Удивление на лице Адама сменилось негодованием.

– Эта женщина порочит меня на всех перекрестках!

– Больше не будет, – примирительно заявила мать. – Мы договорились. Умная девочка. Кажется, догадалась, что я вожу ее за нос. Но в чем? Где? – Изабелла испытывала искреннее удовольствие. – Этого она понять не может. И злится. Так потешно!

– Осторожнее, мадам, – предостерег ее сын. – Вам когда-то казалось, что вы водите за нос императрицу Екатерину.

– И что? – насмешливо бросила старуха. – Я своего добилась. Мы живы. Наше состояние цело. Ты даже был русским министром иностранных дел. И никто тебя не подозревал!

– Меня не подозревал только ангел Александр, – с обидой бросил сын. – Все остальные меня ненавидели. И не доверяли. Даже ангел Елизавета. – При заветном имени его глаза увлажнились.

– Полно, – потребовала Изабелла. – Что за страсть к немецким принцессам. Даже этот боров в эполетах, цесаревич Константин, излечился. А ты все стонешь.

– Такое прошлое прекрасно даже в могиле, – Адам достал платок.

– Соберись, – старуха начинала сердиться. Что было, то прошло. Я бы тоже могла предаваться воспоминаниям и оплакивать давно потерянных возлюбленных. За исключением твоего отца, конечно.

– Зачем вы…

– Было бы глупо в моем возрасте иметь секреты от детей. – Княгиня приняла из рук горничной граненый стаканчик с наливкой. – Прости, душа моя, я бесстыдна, потому что стара. Обещаешь не выбрасывать мои молодые портреты? Я на них так хороша!

Адам никогда не мог понять, говорит ли его мать серьезно или шутит. Она обладала детским тщеславием и обнаруживала его совершенно открыто. А через минуту вела беседу с тонким знанием и проницательностью искушенного политика. Отец, несмотря на высокое положение, никогда не мог похвастаться ничем подобным.

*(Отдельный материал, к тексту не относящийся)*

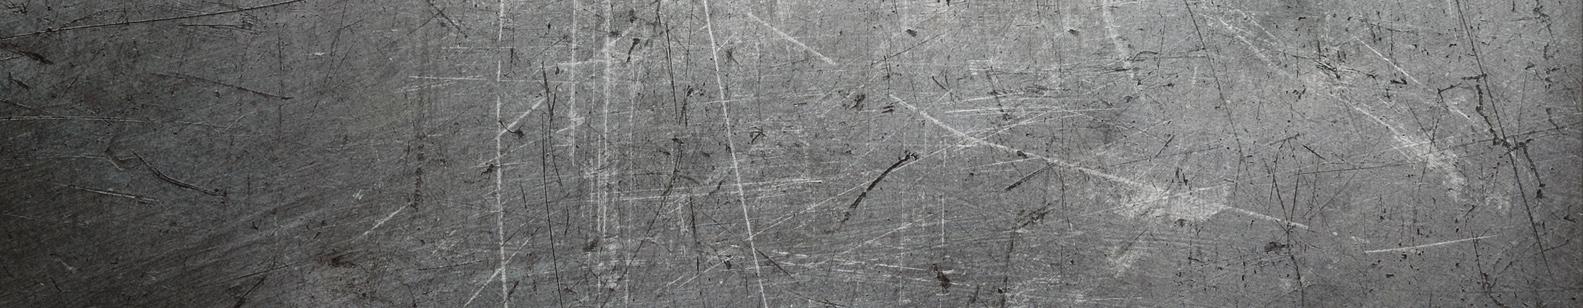 Lakštinio metalo žirklės  Pažangios, aukštos kokybės lakštinio metalo žirklės

– В Лондоне полагают смерть русского царя у нас неизбежной, – сообщил сын. – Лорд Элленгейм, хранитель тайной печати, выразился совершенно определенно. Мы между молотом и наковальней. Что делать?

Старуха задумалась.

– Им хорошо, – протянула она. – У себя на острове. Никто их не достанет. Эти господа далеко и могут позволить себе думать о том, как осложнить жизнь России, оставаясь безнаказанными. А мы? Перед ними даже не встает вопрос: что будет с Польшей, если царя убьют в Варшаве?

– Для них это способ вывести Петербург из войны со Стамбулом, – отозвался сын. – Но мы должны подумать о себе. Как лишить царя престола и не накликать на себя нашествие? Я уже не говорю еще одного кандидата в виде герцога Рейхштадтского? – Адам затосковал и знаком приказал горничной принести и себе стаканчик наливки.

Изабелла подняла на сына чуть насмешливые глаза. Нет, герцог Рейхштадтский им совсем не нужен. Лишний претендент. Яркое наполеоновское знамя. Стоит им помахать, и половина Польши встанет за него только из чувства противоречия, забыв, что рядом, дома есть готовый кандидат, который уже сто раз спасал свой народ от погрома со стороны русских головорезов.

– Так что делать? – интонации его голоса были просительными, как в детстве, когда срывался с привязи любимый отцовский скакун или улетал хороший дрессированный кречет.

– Кто может помешать Николаю? – со сдержанным раздражением потребовала мать. – Константин. Значит, через него и будем действовать. О, не через самого, – она заметила скептическое выражение на лице у сына. – Он слишком горяч и вздорен. Но, вероятно, в его окружении есть люди, которые много потеряют, если младший брат коронуется в Варшаве, как короновался в Москве. Ведь меланхоличка Лович могла бы стать нашей королевой. А воспитатель цесаревича генерал Курута – наместником. Чисто гипотетически.